Notebook: Variational Inference - Discovering Latent States

Auto-correlation & Markovian Dynamics

There is a caveat to this approach. The generative model does not handle auto-correlated processes in a way that takes into account the rate of auto-correlation decay after a sample. In cases where we cannot assume independence or uniformity across time, the generative model won’t recreate any short or long memory effects present in the data generating process. It cannot recreate the long-range dependence that we intentionally introduced in Experiment 2.

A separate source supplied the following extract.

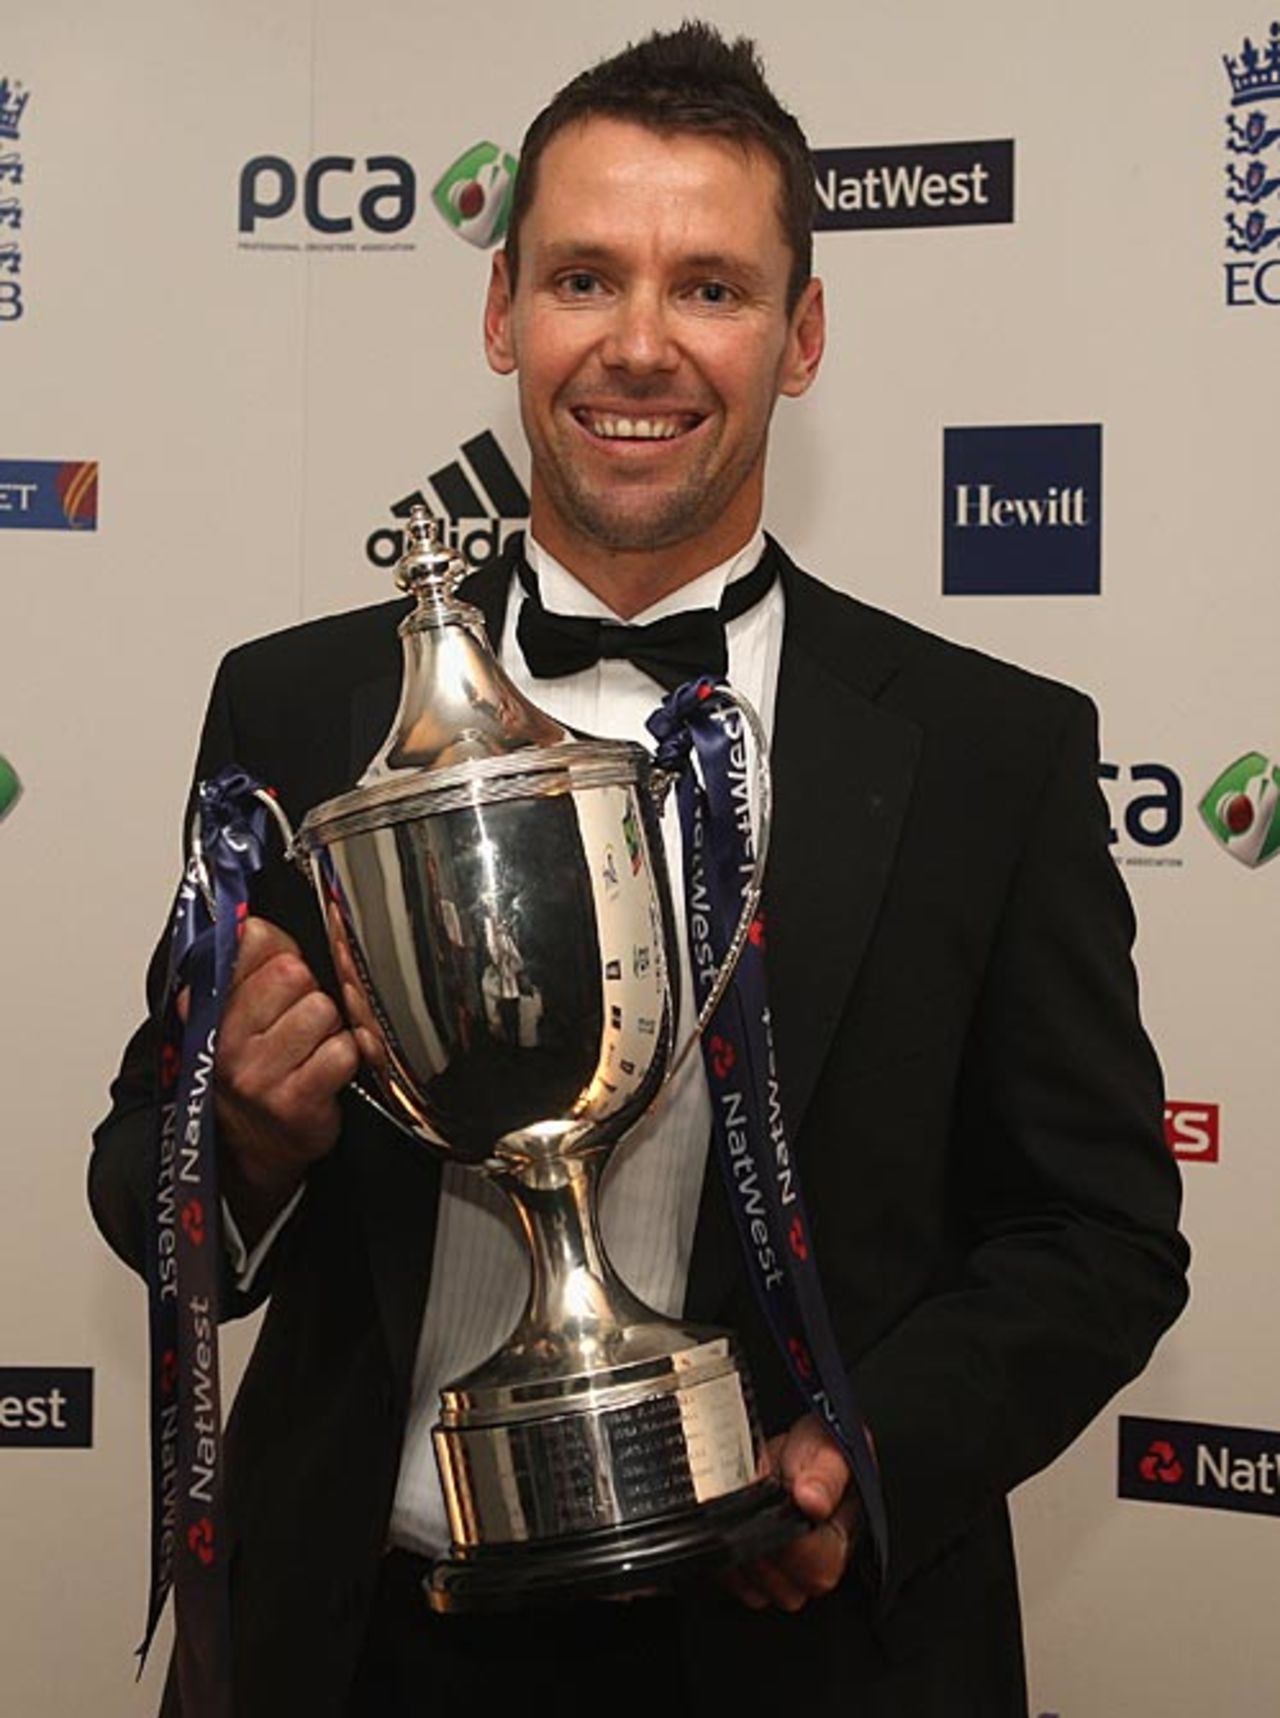 Kent's Martin van Jaarsveld with his Player-of-the-Year trophy, Professional Cricketers' Association awards, London, September 29, 2008

Each new state in the data generating process is sampled without any dependence on the state that came before it. This is why typically when working with the data in machine learning tasks we try to make it stationary and IID first, such as with a differencing process that also removes memory, although imperfectly, as we did in Experiment 1. In future posts I will dive into Hidden Markov Models and other state-space models that address this dependency.

Back to Economic Significance

This model recreates an interpretable economic theme we can now see clearly in the distributional properties of the data. If we are dealing with the higher level distribution over distributions (the full posterior Dirichlet model), then what we truly care about is what state we are observing in the here and now, what is the significance of that, and what might be the probability over time of diffusion or of switching to another state.

Commodities rising while tech and treasuries tend to fall is characteristic of an economic system going through major shifts that we know: a shift from loose to restrictive monetary policy and quantitative tightening, rising interest rates, a commodity and energy shock brought on by the pandemic supply restrictions and Ukraine war, and historic levels of inflation.